### REQUIRED WORK
Your answer must be a word-for-word copy of the listing, with all pictures excluded.

[Opening RECORDED DATA section]

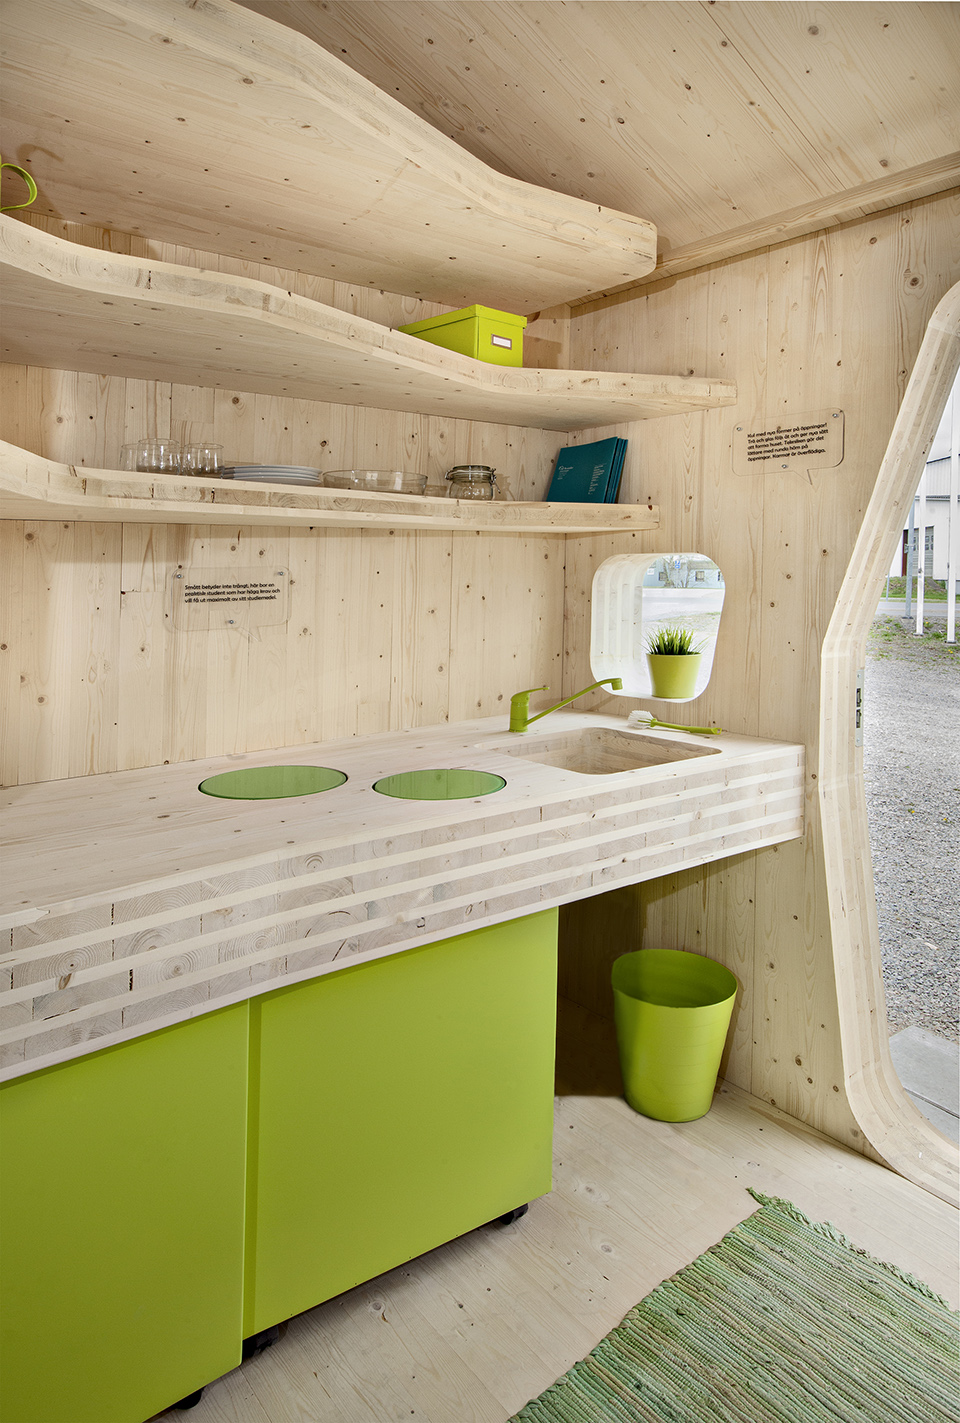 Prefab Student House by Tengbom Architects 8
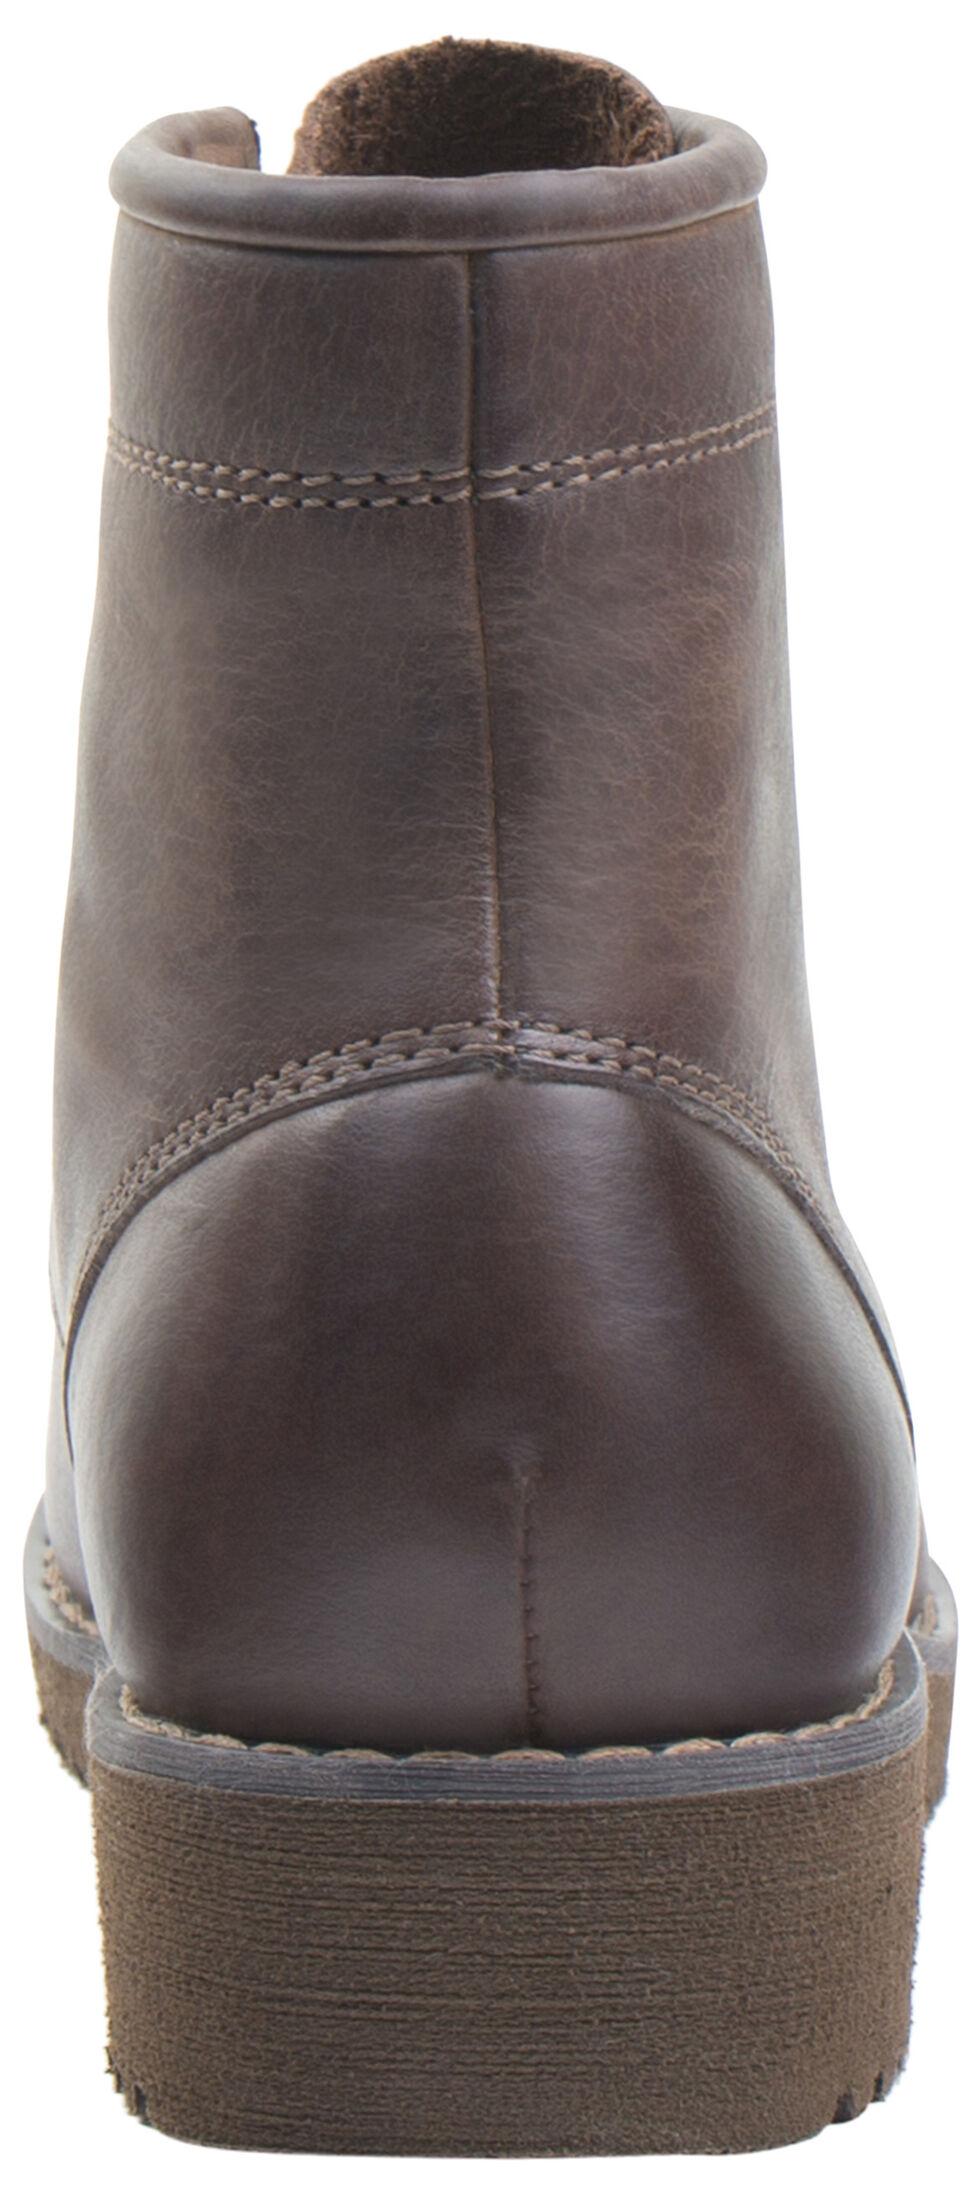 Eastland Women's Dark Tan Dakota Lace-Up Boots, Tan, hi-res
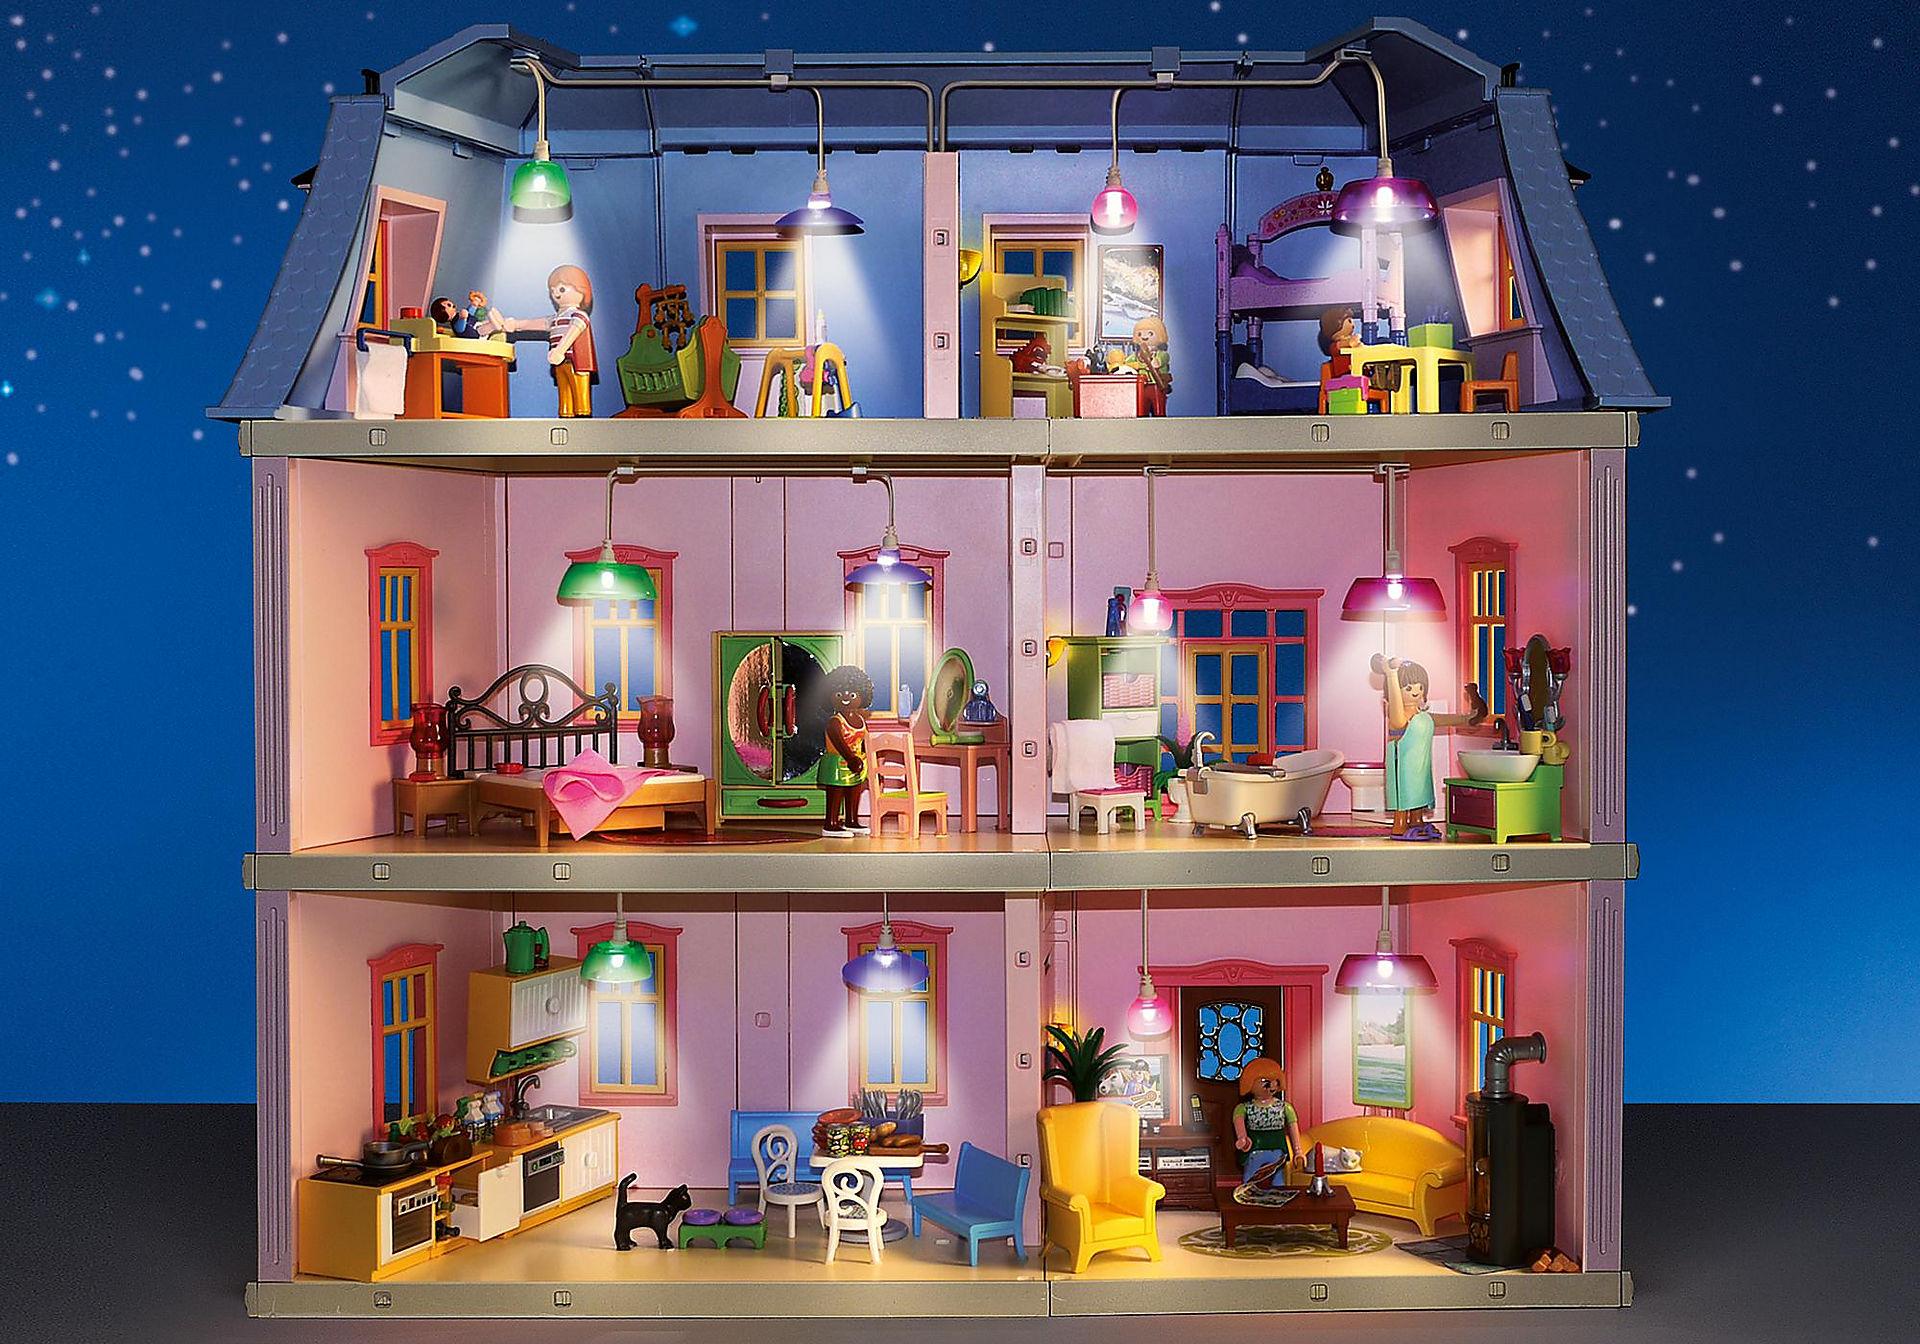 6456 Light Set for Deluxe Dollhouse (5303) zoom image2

[Closing RECORDED DATA section]

### RESPONSE AREA
 Prefab Student House by Tengbom Architects 8
 Eastland Women's Dark Tan Dakota Lace-Up Boots, Tan, hi-res
 6456 Light Set for Deluxe Dollhouse (5303) zoom image2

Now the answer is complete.